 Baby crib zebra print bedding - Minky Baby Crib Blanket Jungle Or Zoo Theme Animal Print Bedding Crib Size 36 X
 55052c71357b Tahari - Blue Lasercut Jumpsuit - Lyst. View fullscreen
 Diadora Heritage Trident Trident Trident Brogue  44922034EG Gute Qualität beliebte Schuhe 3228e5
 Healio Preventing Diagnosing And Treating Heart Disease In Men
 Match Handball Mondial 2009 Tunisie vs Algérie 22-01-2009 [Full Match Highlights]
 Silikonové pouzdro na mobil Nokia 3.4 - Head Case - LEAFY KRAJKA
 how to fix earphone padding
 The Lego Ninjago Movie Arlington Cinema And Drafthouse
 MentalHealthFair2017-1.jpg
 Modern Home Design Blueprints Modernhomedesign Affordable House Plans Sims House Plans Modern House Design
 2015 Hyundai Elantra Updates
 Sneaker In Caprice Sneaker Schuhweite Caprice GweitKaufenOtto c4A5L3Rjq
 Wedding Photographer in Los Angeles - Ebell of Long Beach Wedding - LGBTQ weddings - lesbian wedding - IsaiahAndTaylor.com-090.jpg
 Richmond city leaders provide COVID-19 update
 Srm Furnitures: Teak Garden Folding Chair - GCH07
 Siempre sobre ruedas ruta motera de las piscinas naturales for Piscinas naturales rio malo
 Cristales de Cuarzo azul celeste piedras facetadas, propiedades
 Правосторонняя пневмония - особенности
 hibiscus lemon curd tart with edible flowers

◆ TASK DETAILS
Using the entries shown above, reproduce verbatim the lines from the line bearing "Silikonové pouzdro na" to the line bearing "Richmond city leaders", inclusive.

◆ ANSWER FOR THIS EXERCISE
 Silikonové pouzdro na mobil Nokia 3.4 - Head Case - LEAFY KRAJKA
 how to fix earphone padding
 The Lego Ninjago Movie Arlington Cinema And Drafthouse
 MentalHealthFair2017-1.jpg
 Modern Home Design Blueprints Modernhomedesign Affordable House Plans Sims House Plans Modern House Design
 2015 Hyundai Elantra Updates
 Sneaker In Caprice Sneaker Schuhweite Caprice GweitKaufenOtto c4A5L3Rjq
 Wedding Photographer in Los Angeles - Ebell of Long Beach Wedding - LGBTQ weddings - lesbian wedding - IsaiahAndTaylor.com-090.jpg
 Richmond city leaders provide COVID-19 update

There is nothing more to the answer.